Wang Zhong : « Merci beaucoup. »
« De quoi me remerciez-vous ? Je me bats aussi pour le pays, juste depuis une position différente. Tenez la ligne, le service météo prévoit, sur la base des observations actuelles et des relevés des quarante dernières années, qu'il pleuvra dans environ une semaine. »
Wang Zhong : « Compris. Je transmettrai cela aux généraux Kachouk et Kiriyenko. Alors... »
Il allait dire au revoir lorsqu'il se souvint soudain de quelque chose et demanda : « Quelle est la situation au Haut Commandement ? Depuis que le maréchal Sémion est parti à l'armée de front de l'Ouest, nous sommes restés avec le chef d'état-major Toukhatchev... »
Le Grand Patriarche : « Toukhatchev a calmé l'empereur, du moins nous n'avons pas à nous soucier qu'il donne des ordres improvisés pour l'instant. Si la situation sur la ligne nord est vraiment terrible, un ordre de retraite sera probablement donné. »
Wang Zhong : « Même si un ordre de retraite est donné, ce devrait être après le début de la saison des pluies. Nous sommes mieux adaptés à la boue, et nos lignes de ravitaillement sont plus courtes. Une fois la boue venue, l'ennemi pourra à peine nous poursuivre, et nous pourrons battre en retraite en sécurité. »
Belinski : « Je m'en souviens. Mais le Haut Commandement ne m'écoute pas.
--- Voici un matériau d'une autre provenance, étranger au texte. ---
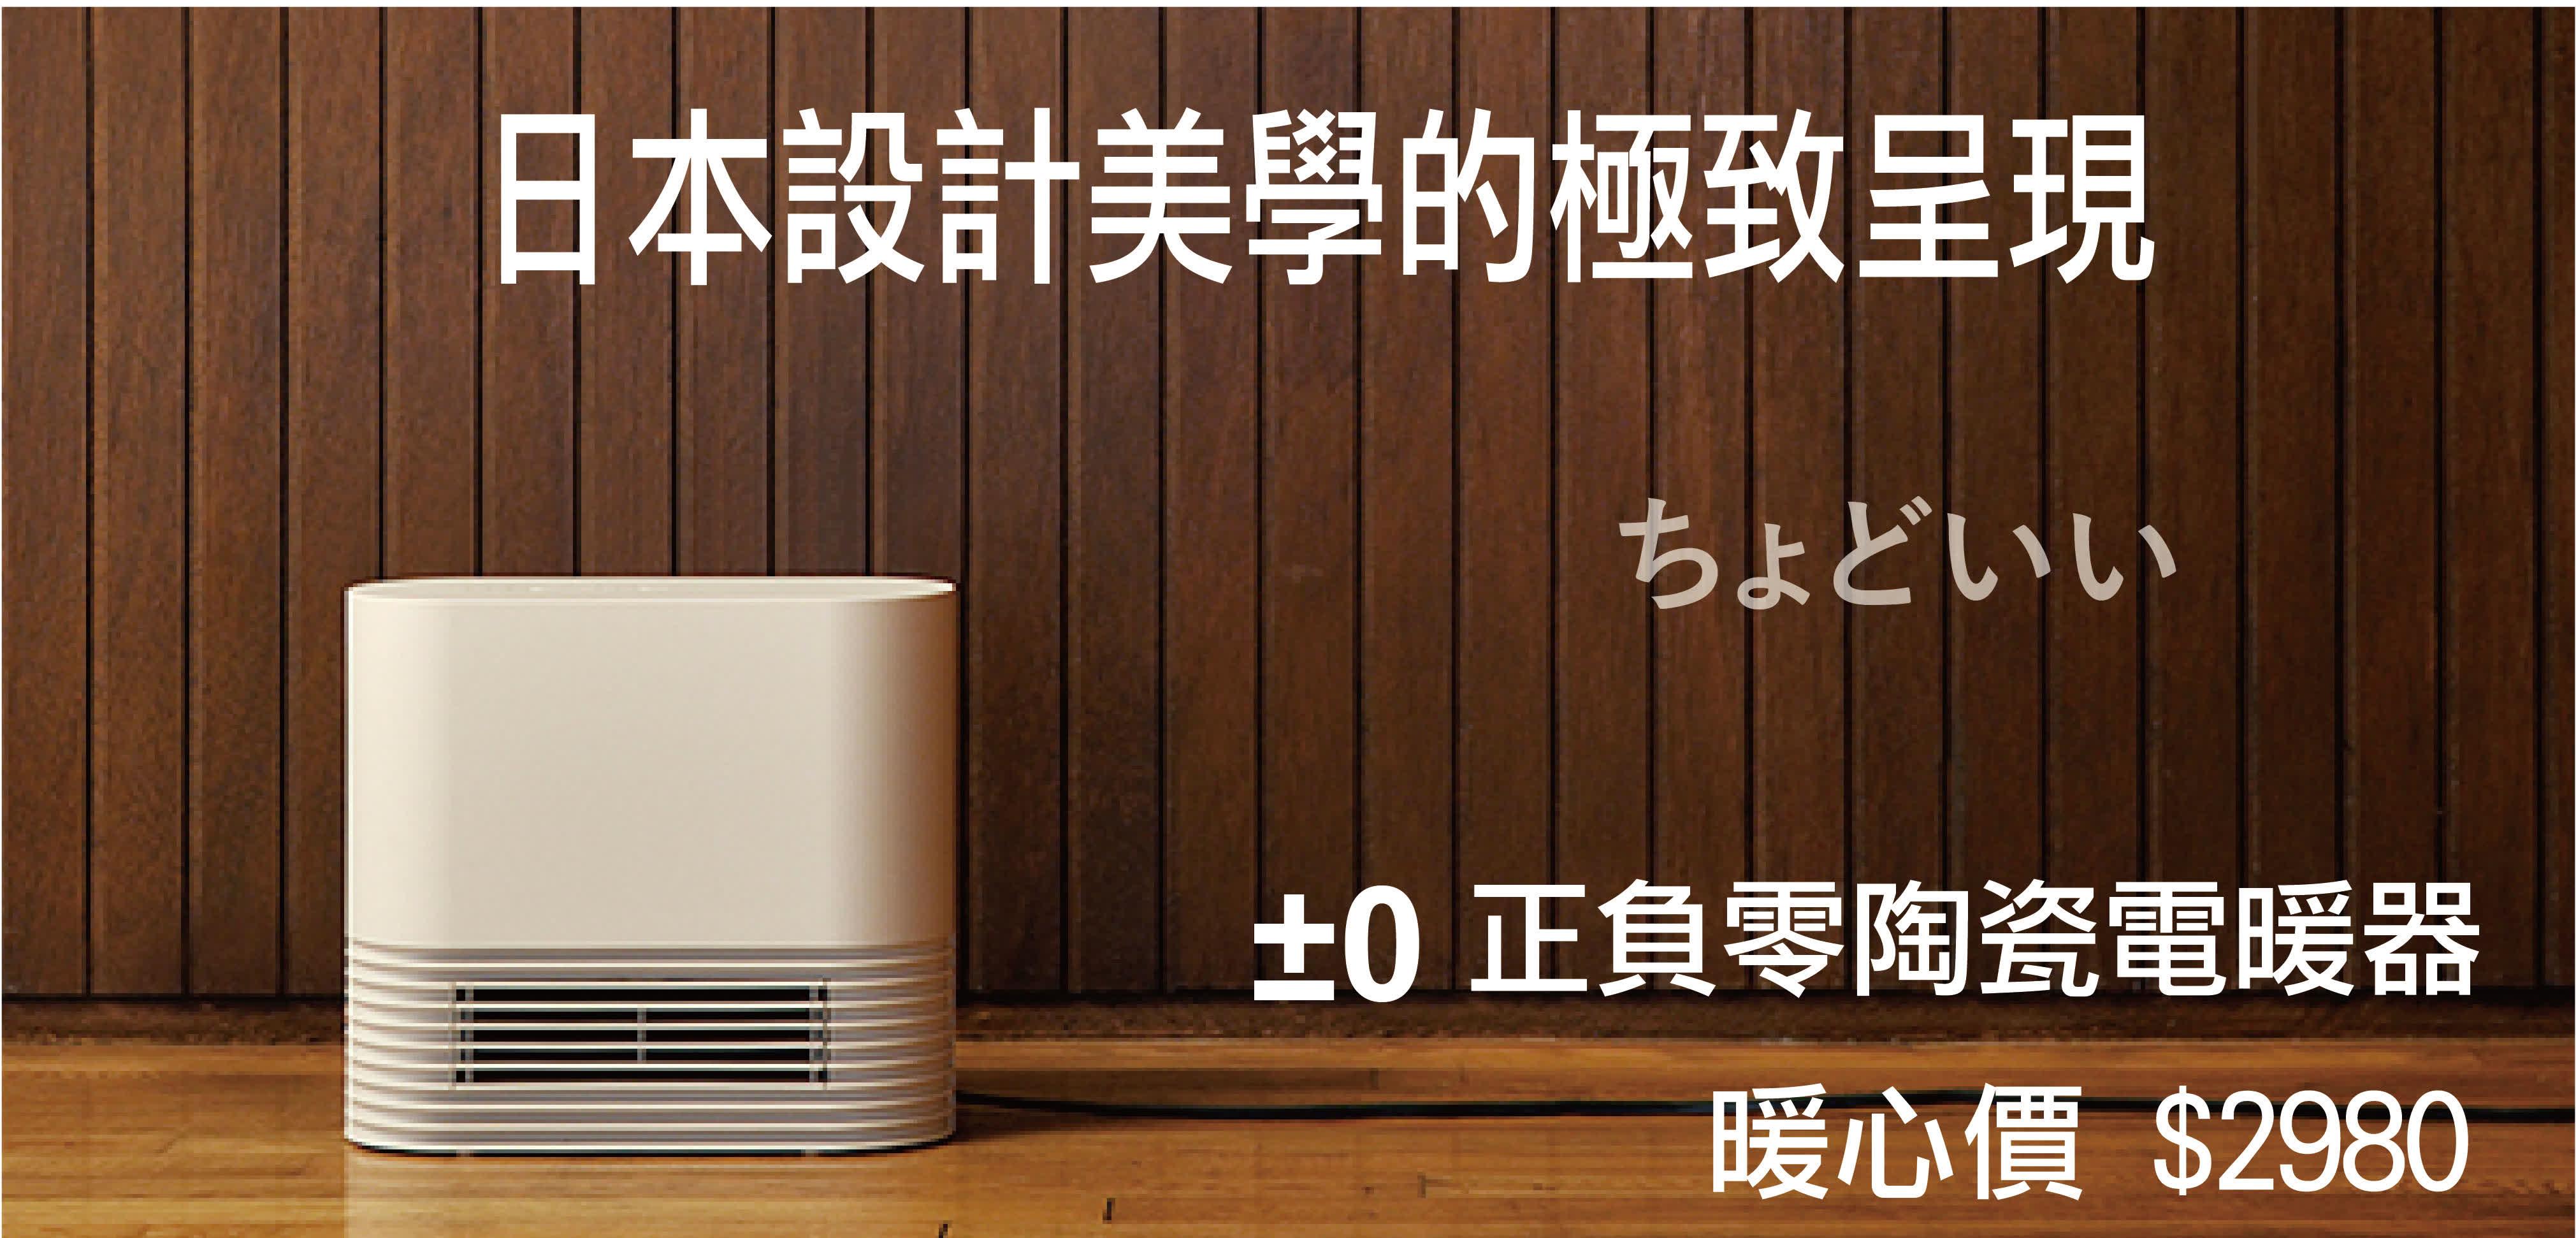 日本熱銷 限時特賣中

Peut-être devriez-vous discuter de cette question avec Son Altesse la princesse. »
Wang Zhong : « Elle a encore de l'influence sur de telles questions ? »
Belinski : « D'après ce que j'ai entendu, elle n'est pas autorisée dans les salles d'opérations et les salles de cartes du Haut Commandement, mais elle séjourne avec le général Tougueniev au Commandement militaire, donc elle devrait pouvoir exercer une certaine influence. »
Wang Zhong : « Je vois. Je la contacterai si nécessaire. »
À ce moment, le Grand Patriarche dit : « Un instant », posa le combiné et parla avec d'autres. Après un moment, sa voix revint : « C'est réglé, le premier contingent de l'Armée des Gardiens partira ce soir et devrait arriver à la gare contrôlée par votre Groupe d'armées demain après-midi. Comment les employer relèvera de votre Groupe d'armées. »
Wang Zhong : « Merci beaucoup... Ah, c'est un remerciement personnel. »
Le Grand Patriarche : « Alors j'accepte vos remerciements. »
Après avoir raccroché, Wang Zhong poussa un long souffle et dit à Pavlov : « Informez le Groupe d'armées que les renforts de l'Armée des Gardiens arriveront demain. Je ne connais pas le nombre exact, mais quoi qu'il en soit, ce sera utile. »
Wang Zhong se tourna vers la fenêtre d'observation.
Les sapeurs ennemis n'avançaient pas aussi vite qu'au début ; manifestement influencés par la récente frappe de Wang Zhong.
Popov rejoignit Wang Zhong, jetant un coup d'œil à l'ennemi tout en parlant : « Le corps du génie estime que d'ici le 10 octobre, l'ennemi aura creusé jusqu'à cinquante mètres de la tête de pont. Avant cela, nous devons trouver le bon moment pour battre en retraite et faire sauter le pont. Sinon, une fois l'ennemi sur la rive, installer des explosifs sera délicat. »
Wang Zhong : « Installez les explosifs ce soir. Commencez la pose au crépuscule ; maintenant que les nuits se sont rallongées, cela devrait être fini avant l'aube, et nous battrons en retraite de la tête de pont au moment le plus sombre avant l'aube. »
Popov : « Cela fonctionne. C'est dommage, une si belle enclume, et l'ennemi ne mord pas à l'hameçon après s'être fait marteler deux fois. »
Wang Zhong soupira : « En effet. Et nous devons même faire sauter le pont sur la rivière Douva. En regardant ce pont maintenant, quel beau pont c'est. »
Ce fut à cet instant que Wang Zhong comprit vraiment cette réplique du célèbre film « Le Pont ».